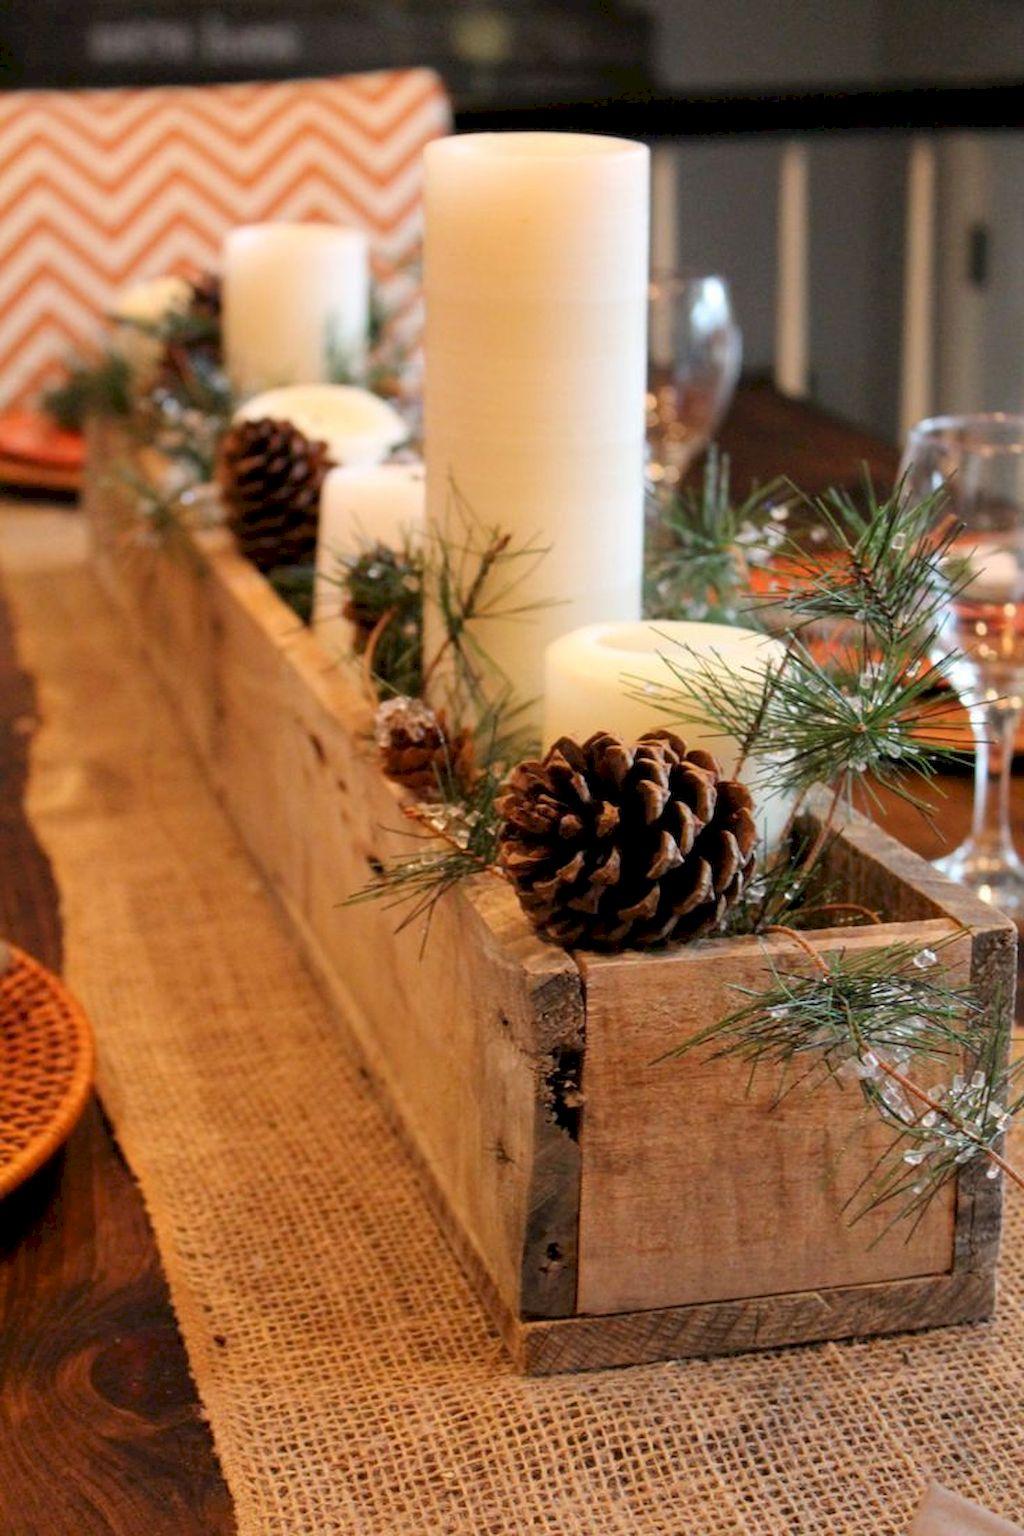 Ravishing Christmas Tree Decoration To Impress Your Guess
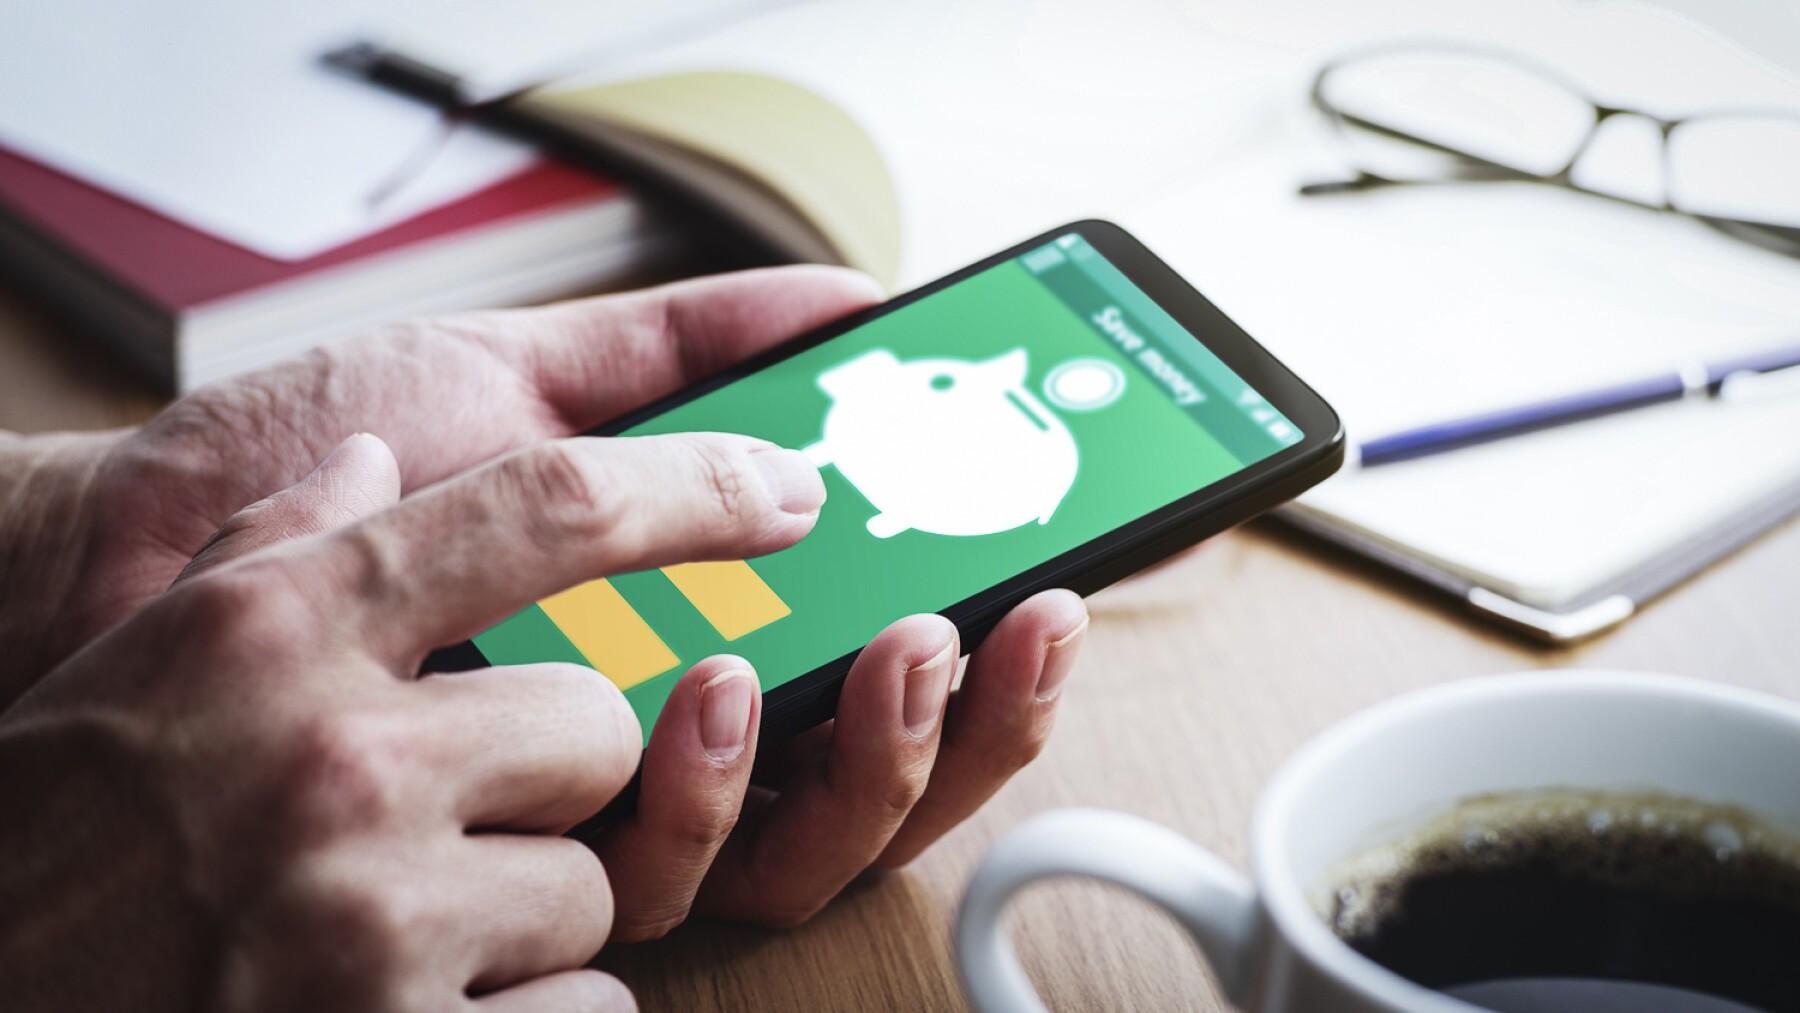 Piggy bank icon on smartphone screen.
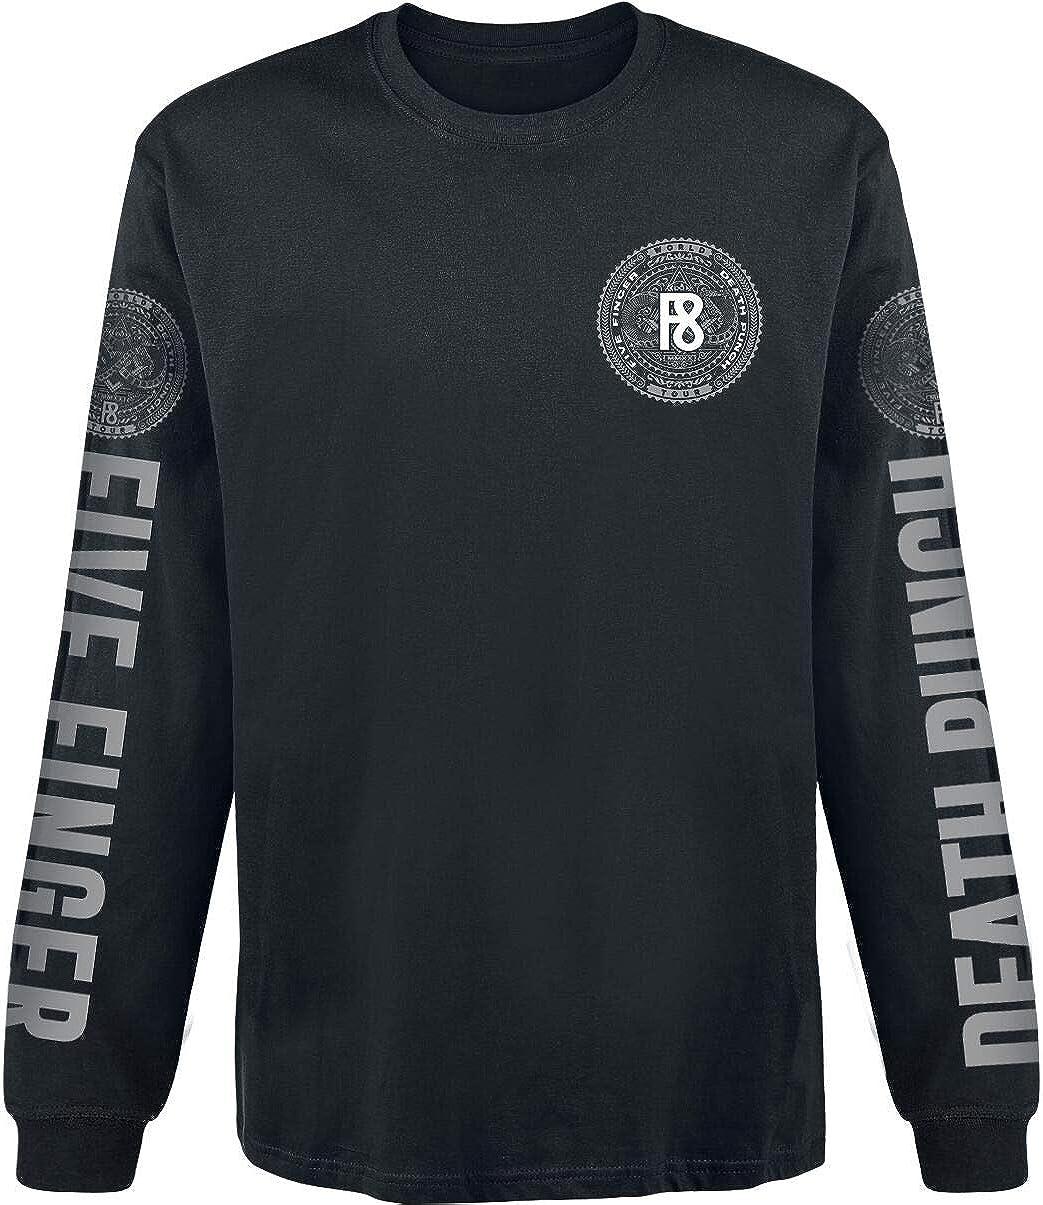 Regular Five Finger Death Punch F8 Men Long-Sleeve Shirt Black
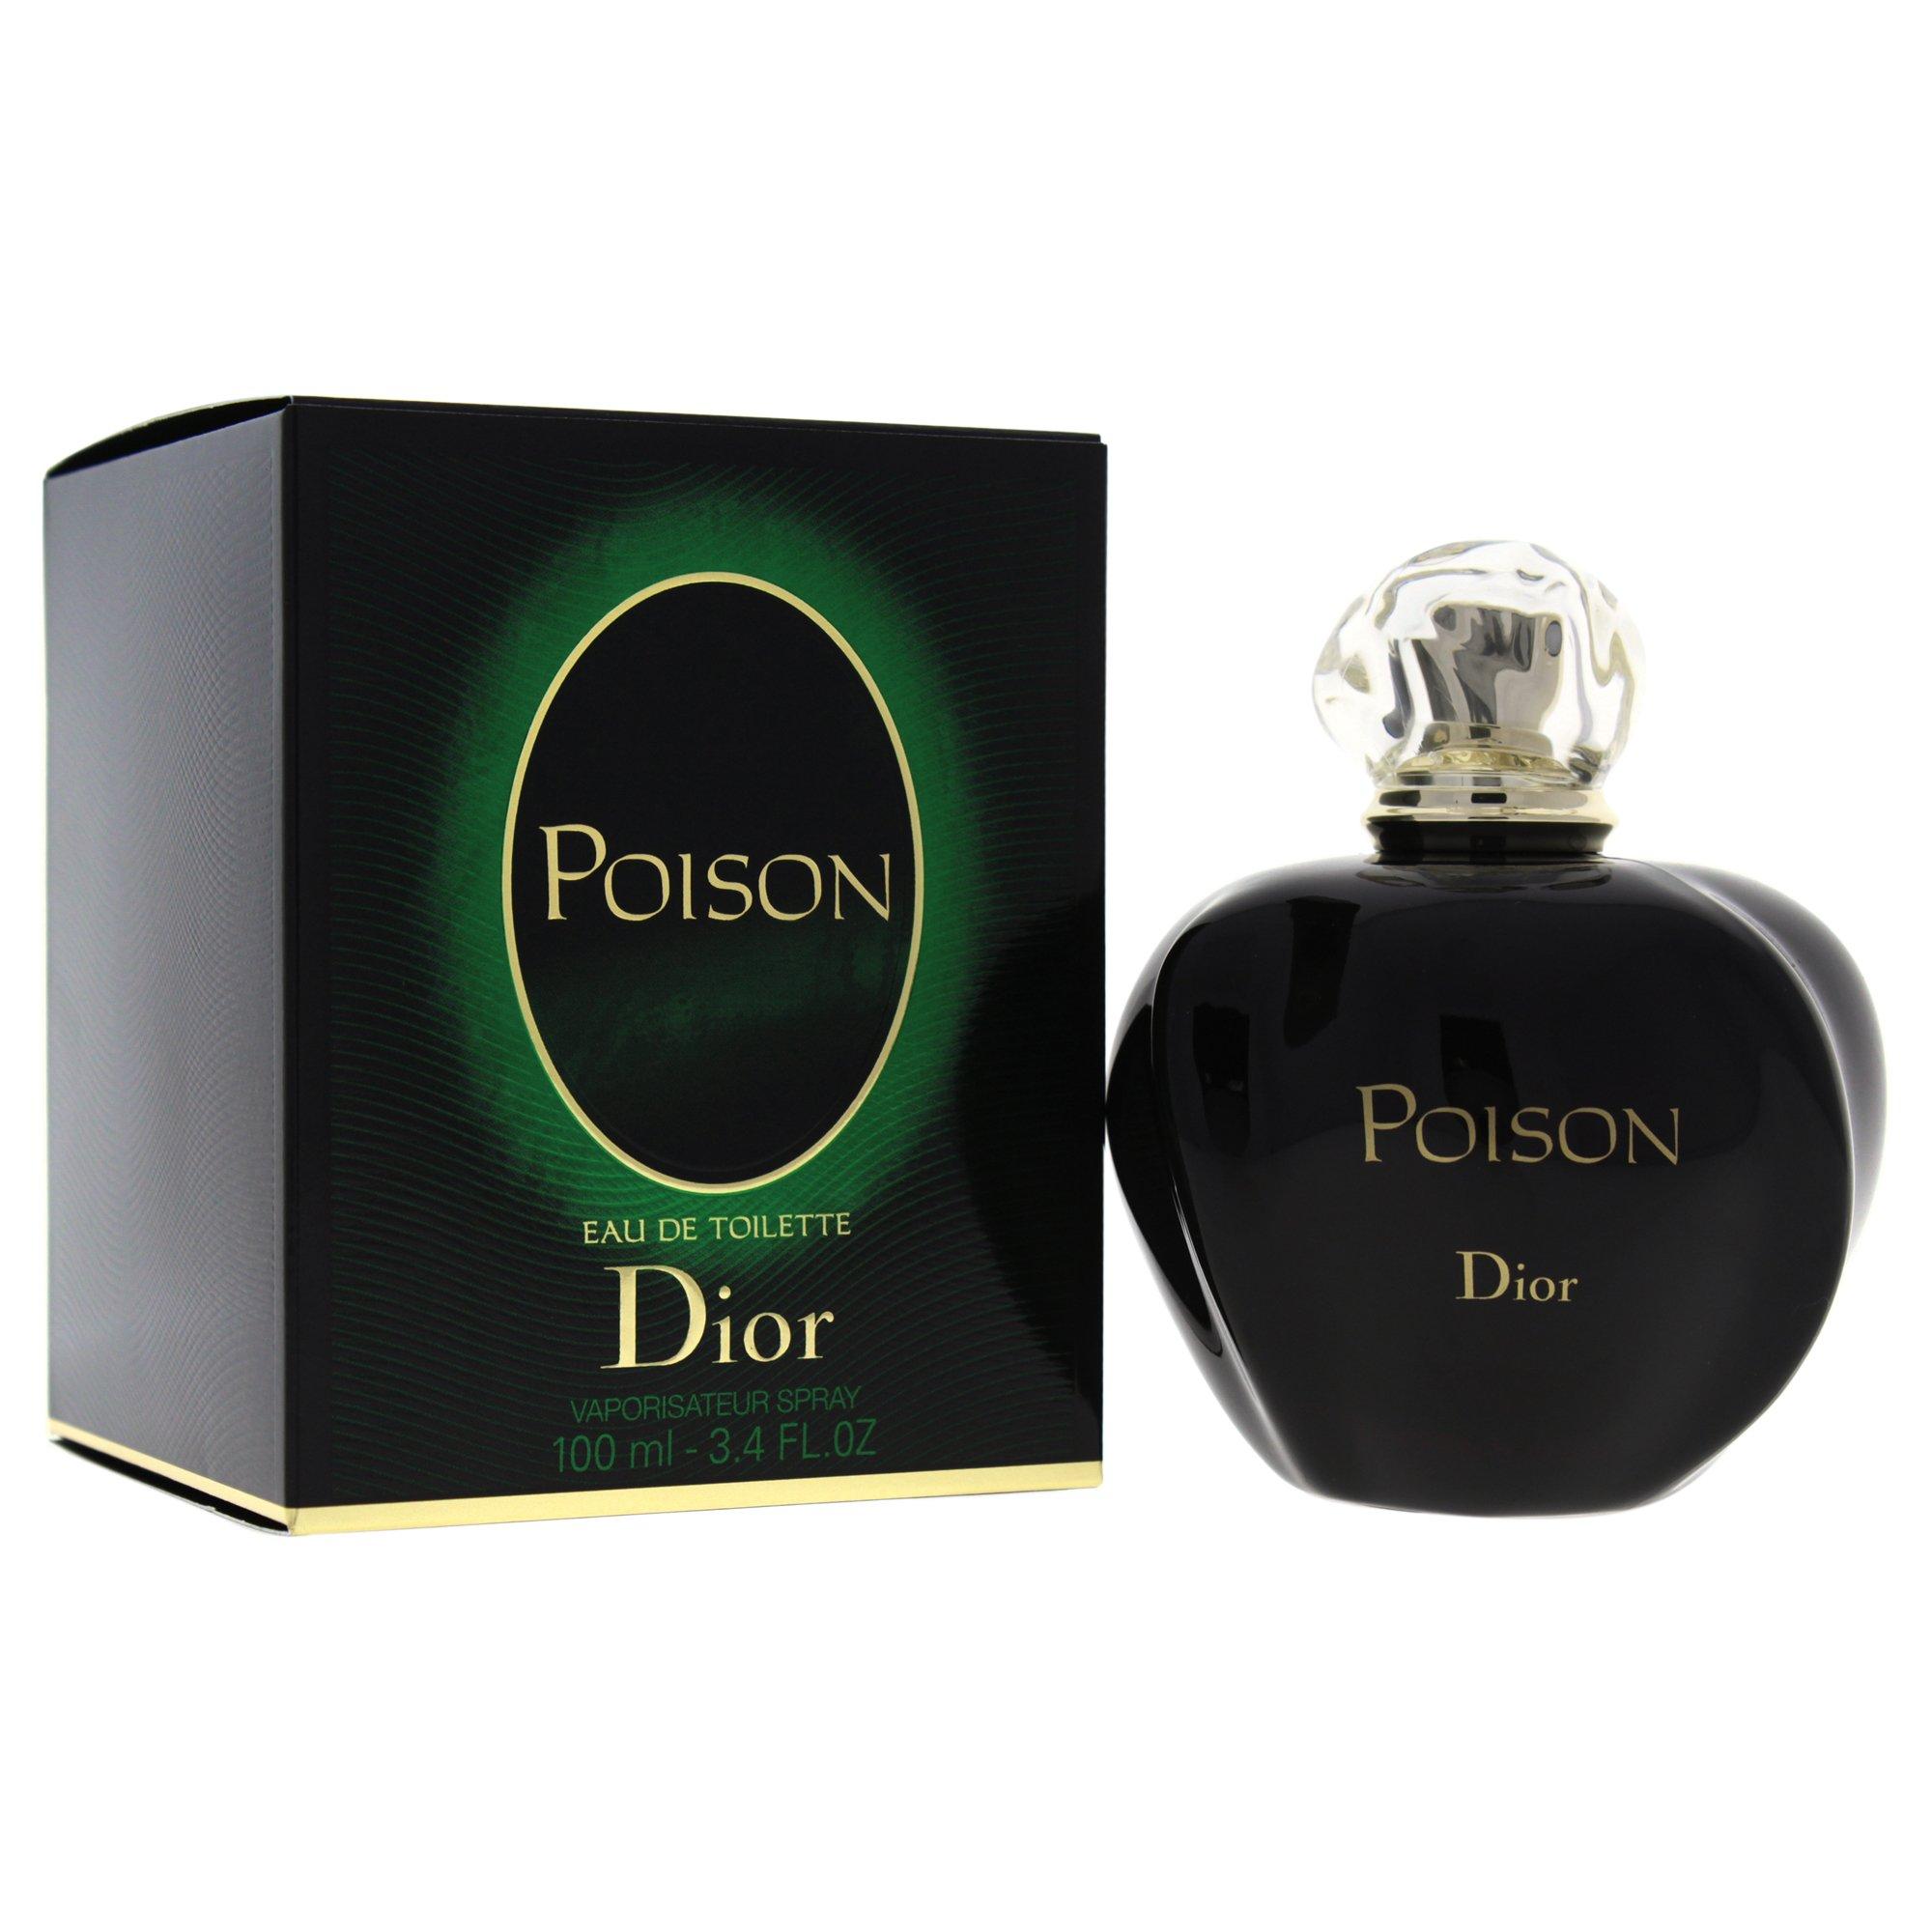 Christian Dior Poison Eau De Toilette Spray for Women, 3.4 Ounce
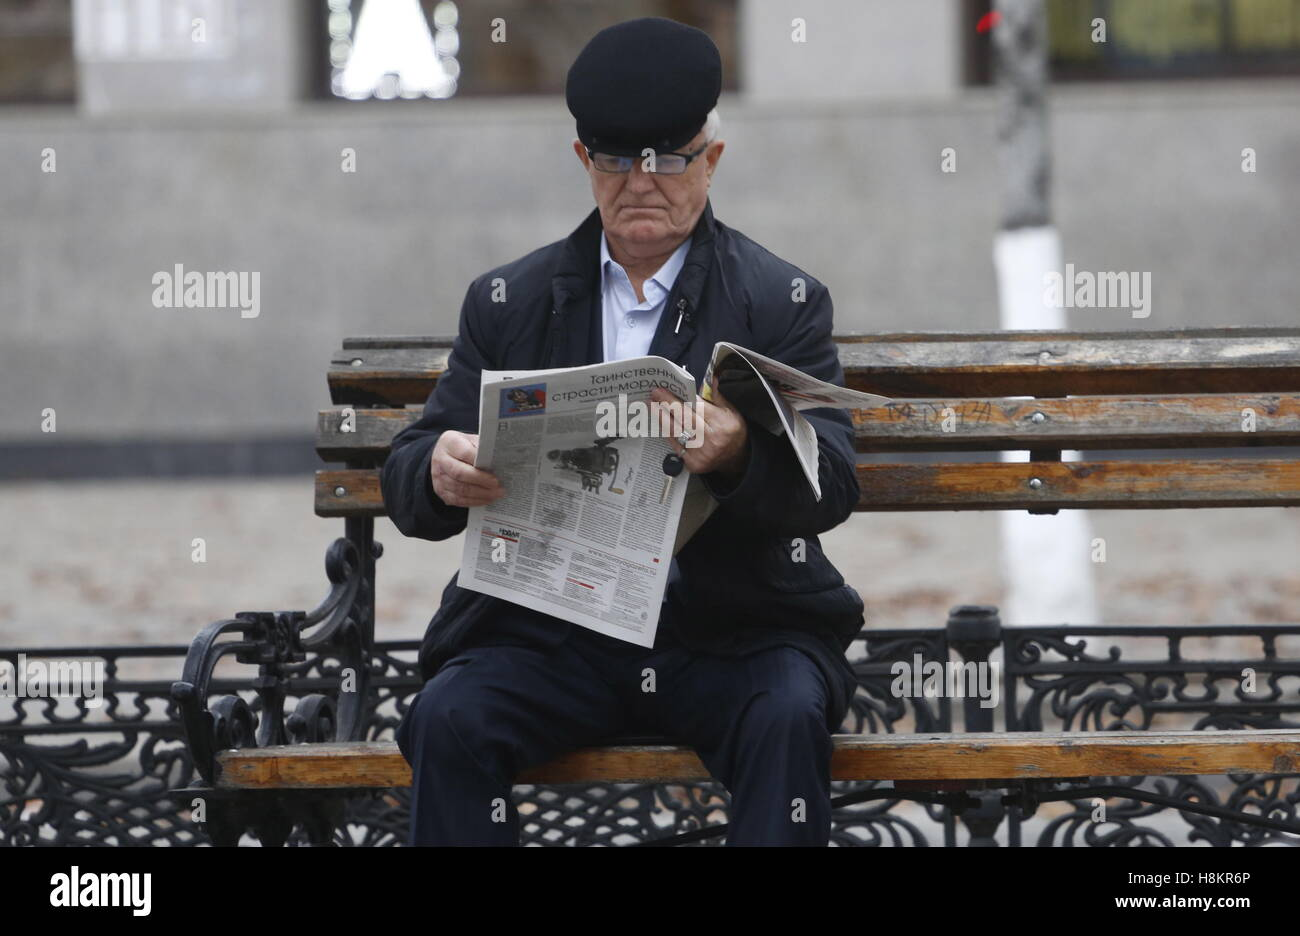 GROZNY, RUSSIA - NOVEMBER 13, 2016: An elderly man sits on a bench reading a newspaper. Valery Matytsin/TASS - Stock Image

## TASK REQUIREMENTS
What is needed is the listing above, repeated verbatim, without its images.

## SOLUTION TO THE EXERCISE
 Ravishing Christmas Tree Decoration To Impress Your Guess
 Piggy bank icon on smartphone screen.
 Regular Five Finger Death Punch F8 Men Long-Sleeve Shirt Black
 Christian Dior Poison Eau De Toilette Spray for Women, 3.4 Ounce
 GROZNY, RUSSIA - NOVEMBER 13, 2016: An elderly man sits on a bench reading a newspaper. Valery Matytsin/TASS - Stock Image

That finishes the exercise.